[HN Gopher] XLSTM: Extended Long Short-Term Memory
___________________________________________________________________
XLSTM: Extended Long Short-Term Memory
Author : mauricesvp
Score : 175 points
Date : 2024-05-08 05:28 UTC (17 hours ago)
(HTM) web link (arxiv.org)
(TXT) w3m dump (arxiv.org)
| KhoomeiK wrote:
| For those who don't know, the senior author on this paper (Sepp
| Hochreiter) was the first author on the original paper with
| Schmidhuber introducing LSTMs in 1997.
| ramraj07 wrote:
| At least in biology, the first author of a paper is more often
| than not just a pair of gifted hands who did the experiments
| and plotted the graphs. Doesn't always translate that they
| become good PIs later (though they get their chances from these
| papers).
| cdavid wrote:
| In ML, it generally is ordered from most contributor to least
| contributor, w/ heads of the lab last.
| querez wrote:
| In this specific case, it's fairly well known that Hochreiter
| was the major brain behind the original LSTM.
| albertzeyer wrote:
| It seems Sepp Hochreiter has talked already about this model
| since Oct 2023:
| https://github.com/huggingface/transformers/issues/27011
|
| In the scaling law comparison, I wonder if it is reasonable to
| compare number of parameters between Llama, Mamba, RWKV, xLSTM?

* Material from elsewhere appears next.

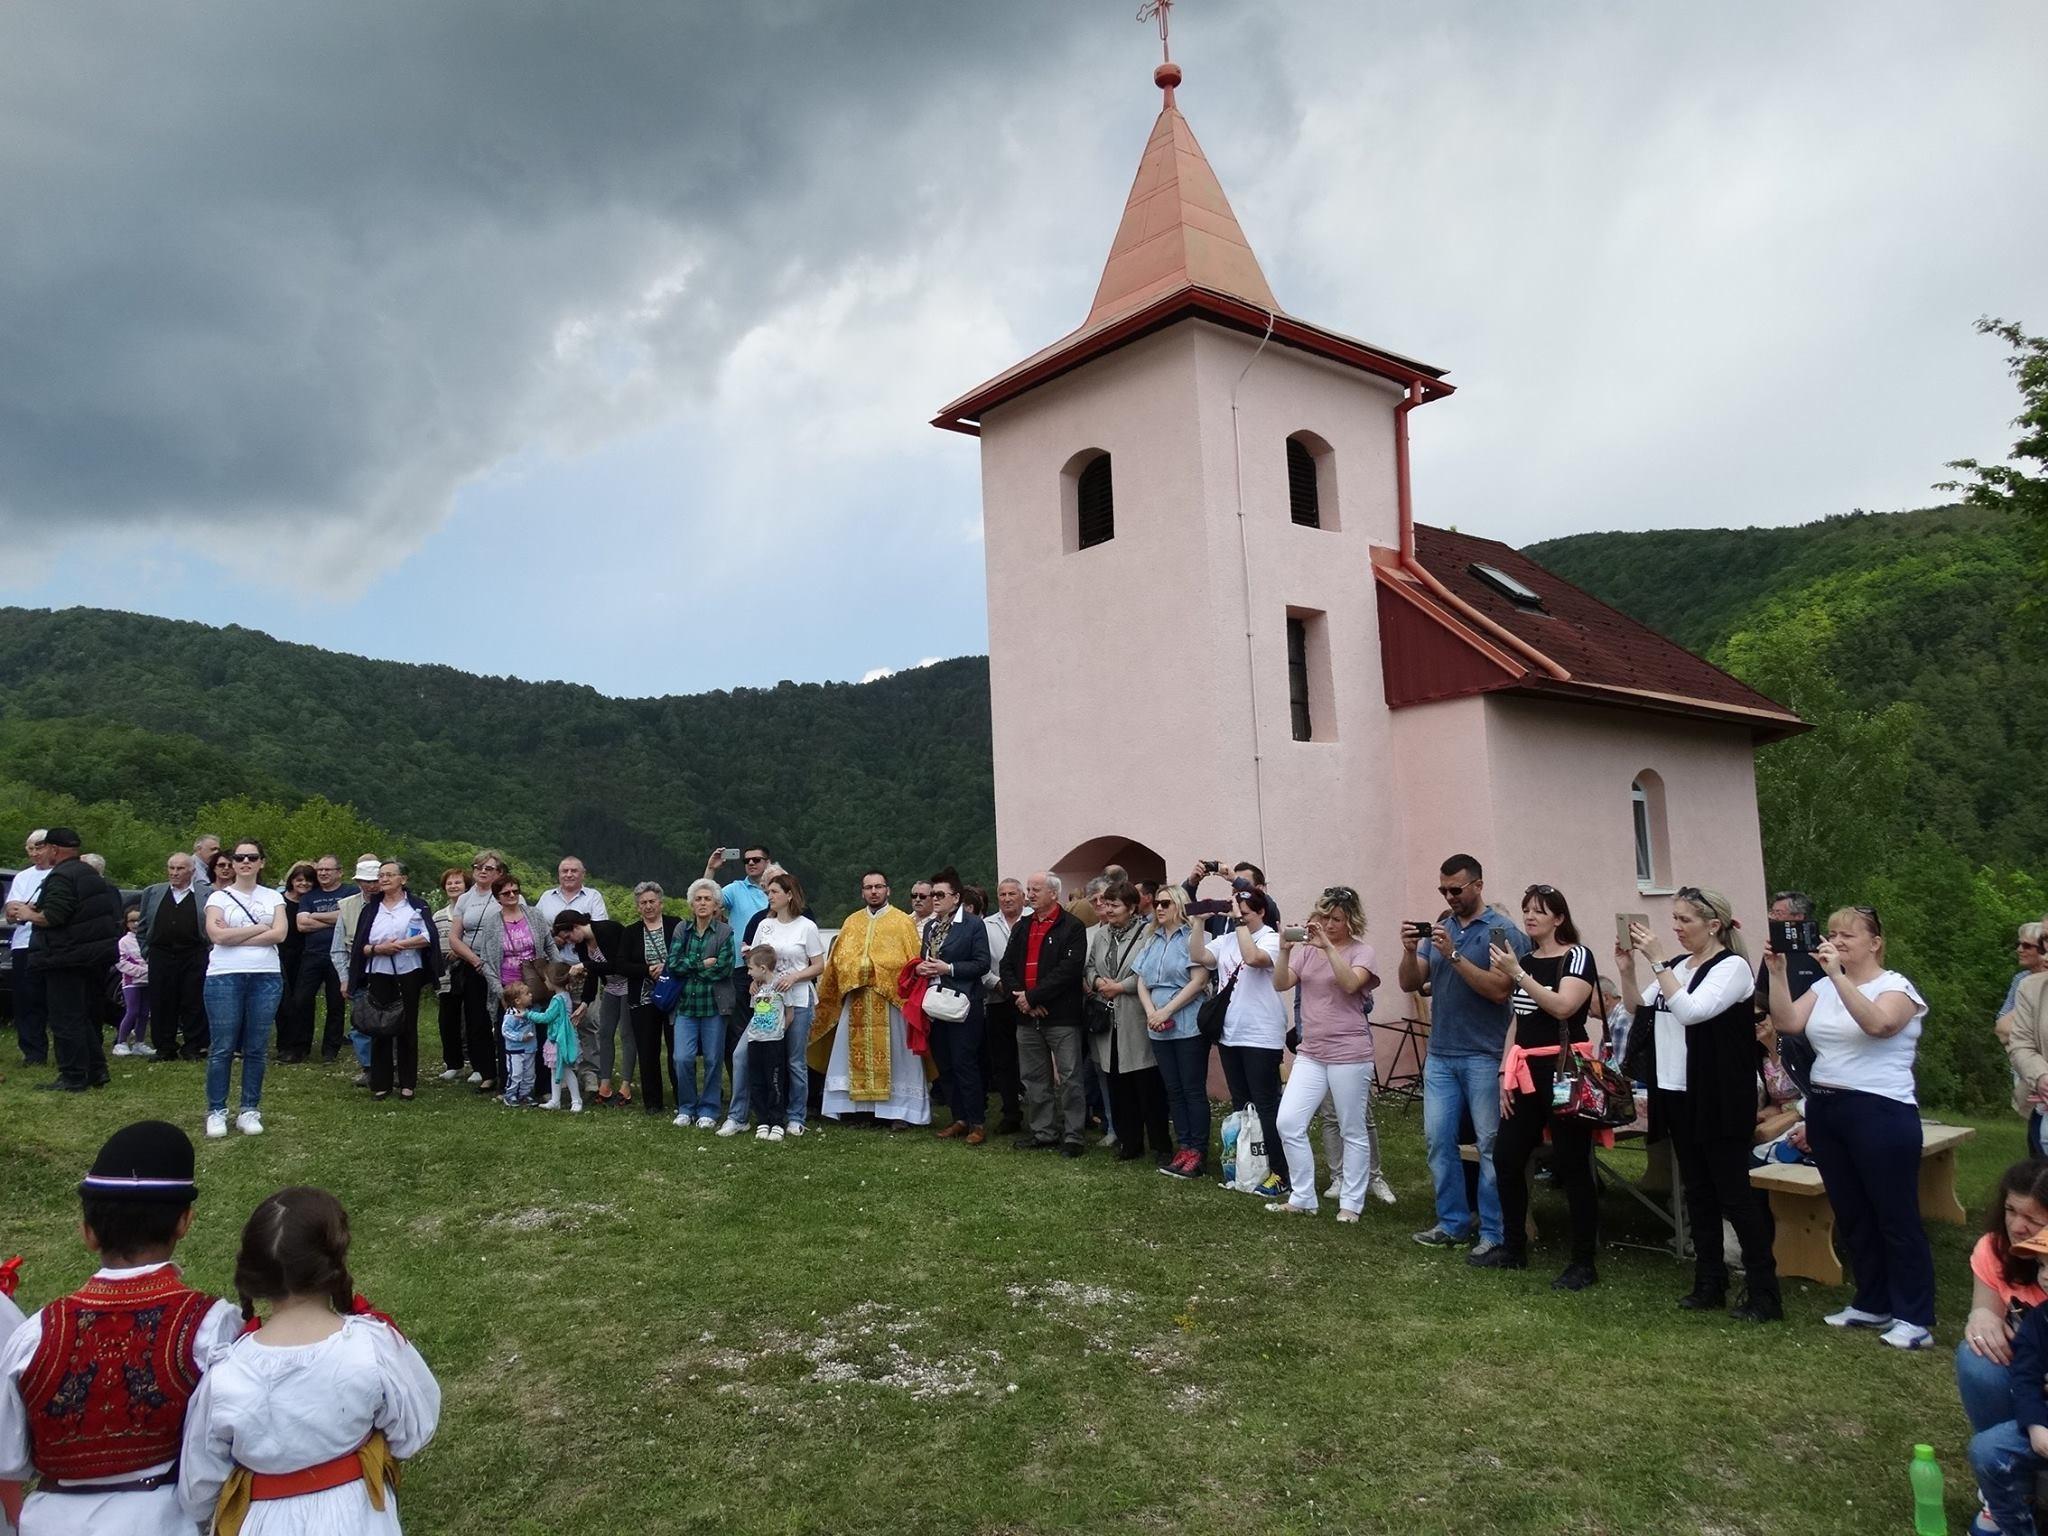 Proslava sv. Ćirila i Metoda u žumberačkom selu Kekići

| Isn't compute time more relevant? E.g. in the figure about
| scaling laws, replace num of params by compute time.
|
| Specifically, the sLSTM has still recurrence (memory mixing) in
| it, i.e. you cannot fully parallelize the computation. So scaling
| up Transformer could still look better when you look at compute
| time.
|
| It seems neither the code nor the model params are released. I
| wonder if that will follow.
| YetAnotherNick wrote:
| Recurrence is less of issue with really large models training
| than it is with medium sized models. Medium sized transformer
| models are generally not trained with sequence parallelism, but
| sequence parallelism is getting more common with transformer
| training. And sequence parallelism is same for transformer or
| recurrent model.
|
| For really large models, it is in fact easier to achieve peak
| flops because computation required scales faster than memory
| bandwidth required(square vs cube).
| albertzeyer wrote:
| With sequence parallelism, you mean to increase the batch
| size, i.e. number of sequences in a batch?
|
| > Medium sized transformer models are generally not trained
| with sequence parallelism, but sequence parallelism is
| getting more common with transformer training
|
| Is there some word missing? You mean it's more common for
| large-sized Transformers?
|
| > computation required scales faster than memory bandwidth
| required (square vs cube)
|
| That is an interesting thought. I'm trying to understand what
| exactly you mean. You mean, computation time is in O(N^2)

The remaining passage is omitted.